One measurement that is CPU constrained is view generation.

This chart shows the 95th percentile performance of all views generated by Feedbin. 95th percentile means that 95% of all views were generated in less time than the line in the chart. Michael Kopp wrote a good overview of how average performance can be misleading and the benefits of measuring in percentiles instead.

Looks like the new hardware gives us a nice 20%+ boost in performance.

The database servers were also upgraded. These servers are configured with dual Intel Xeon Gold 5120 CPUs. Each CPU has 14 2.2Ghz cores. With hyperthreading, that gives them an embarrassing 56 usable threads. They also have 64GB of DDR4 RAM and use Intel S3710 Series SSDs for primary storage. They each have secondary SSDs used for PostgreSQL’s write-ahead logging, so more disk I/O is available for queries.
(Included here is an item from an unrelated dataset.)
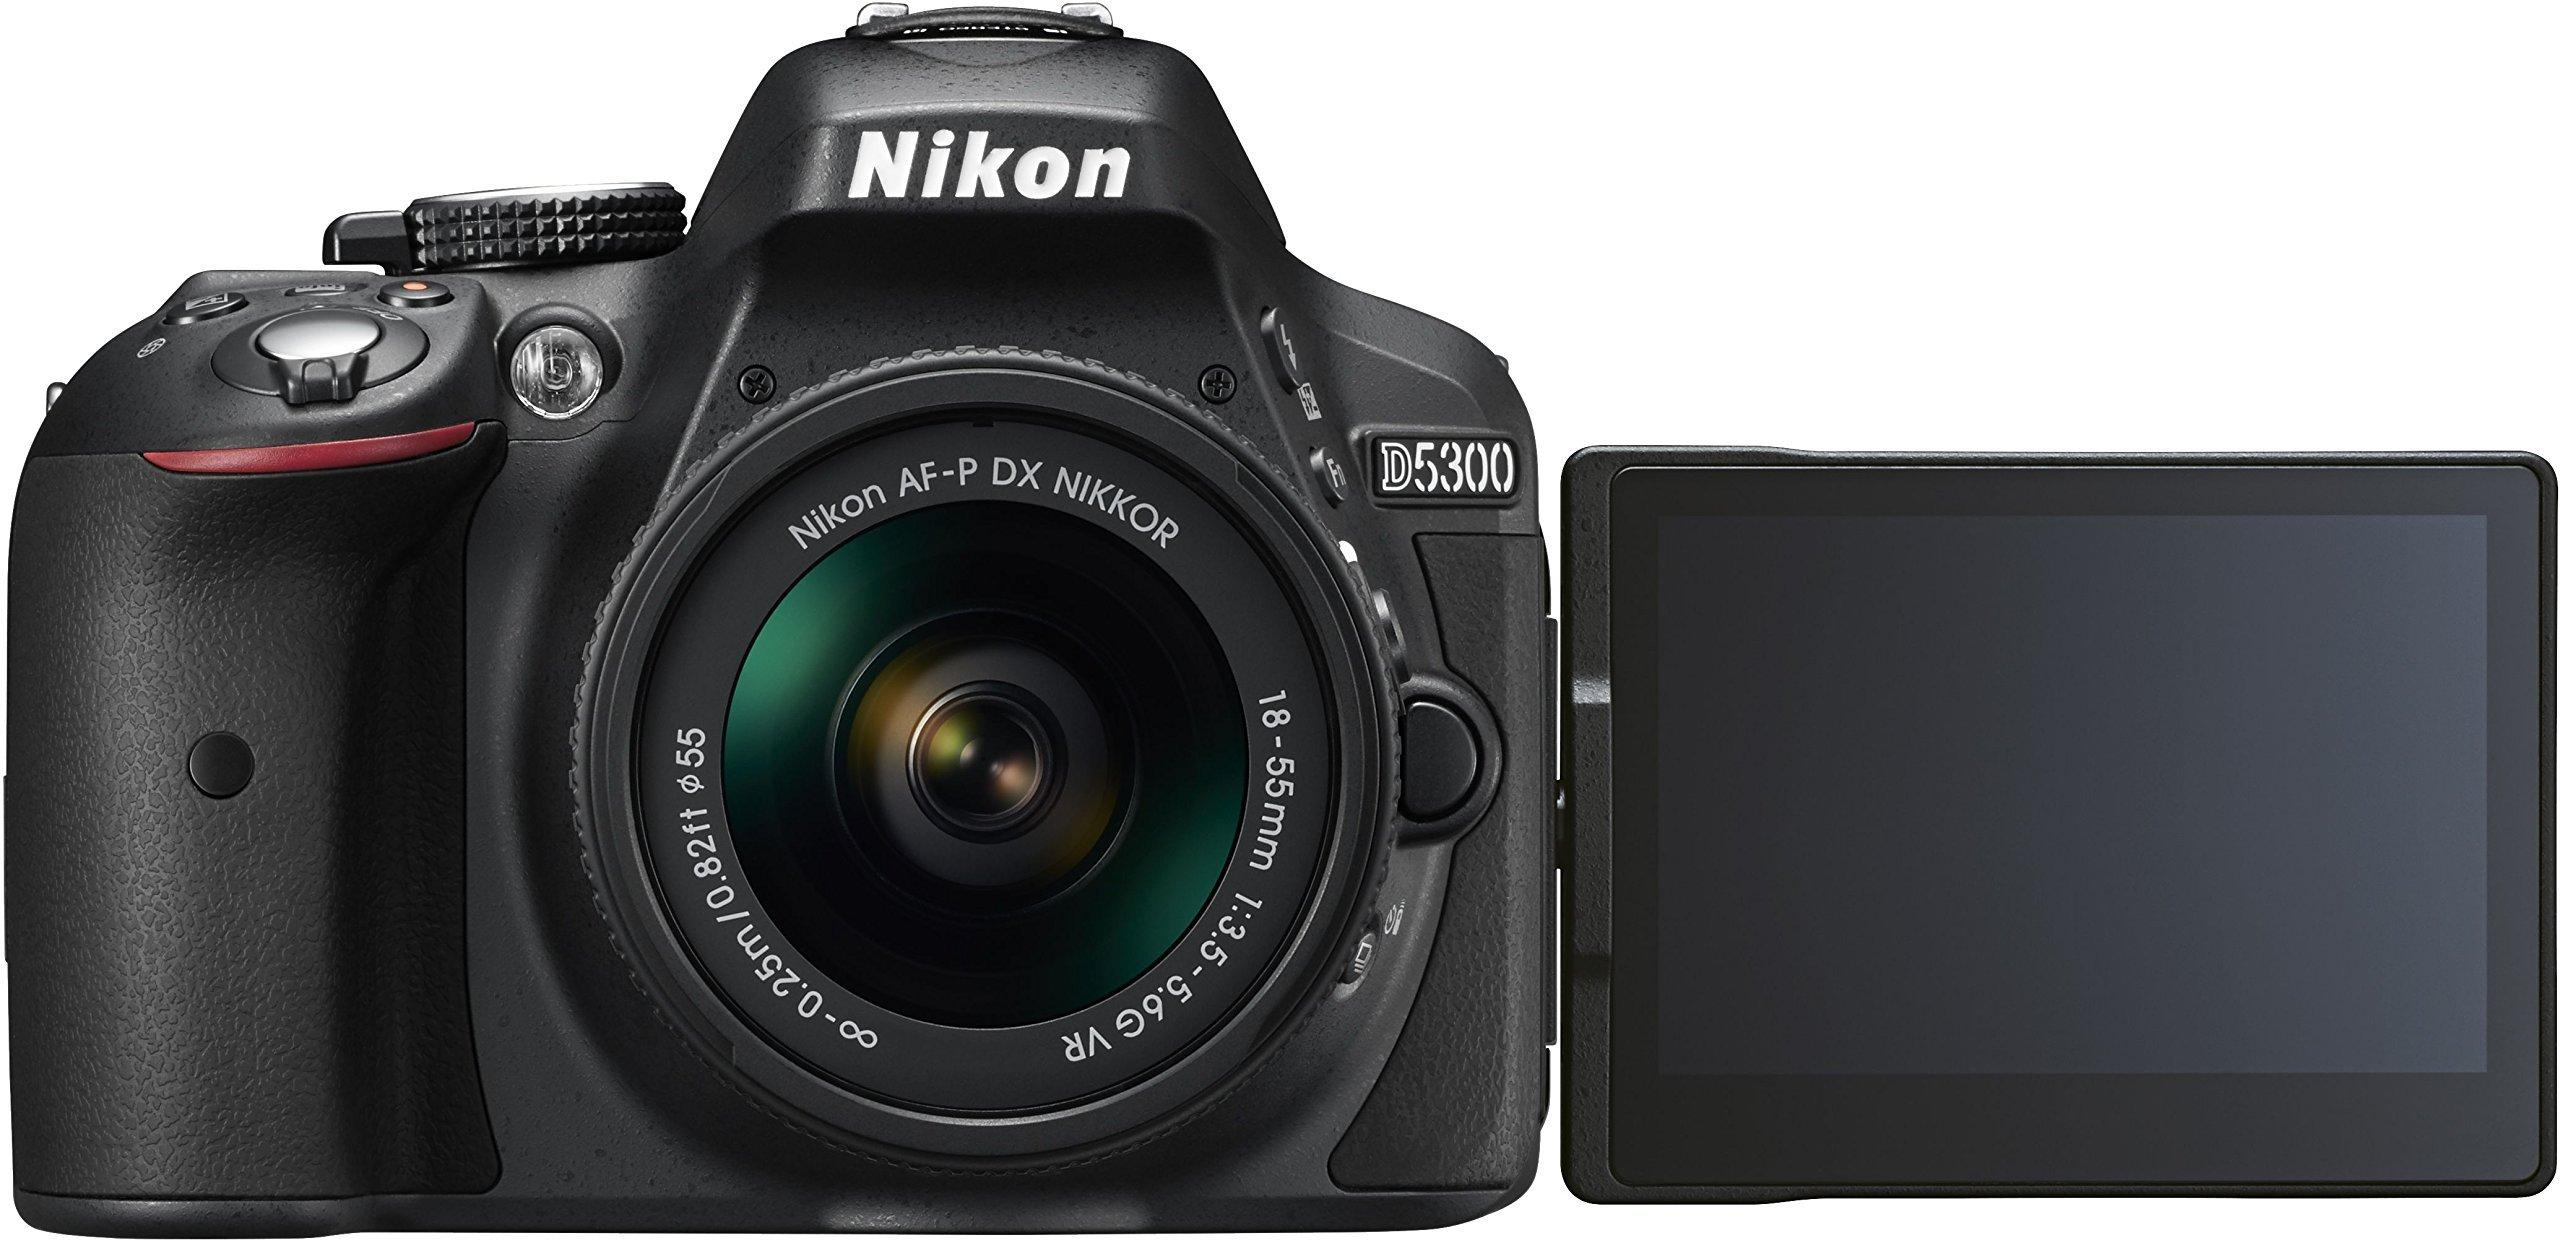 Nikon D5300 Digital SLR Camera - Black (24.2 MP, AF-P 18-55mm VR Lens Kit) 3-Inch LCD Screen - International Version (No Warranty) by Nikon

This upgrade gives us another nice boost. If you look at the graph, you’ll notice a daily spike. These are the times when the database server is running vacuumdb. This is an important maintenance process that is used to reclaim space and optimize query planning.

Before the upgrade, vacuum caused a significant delay. After the upgrade, the performance at its worst is the same or better than pre-upgrade performance at its best.

Overall I’m happy with the upgrades. The hardware is more expensive now, but it’s important to me that Feedbin always performs well. If I can achieve that by just spending a little more money, then it makes that decision easy.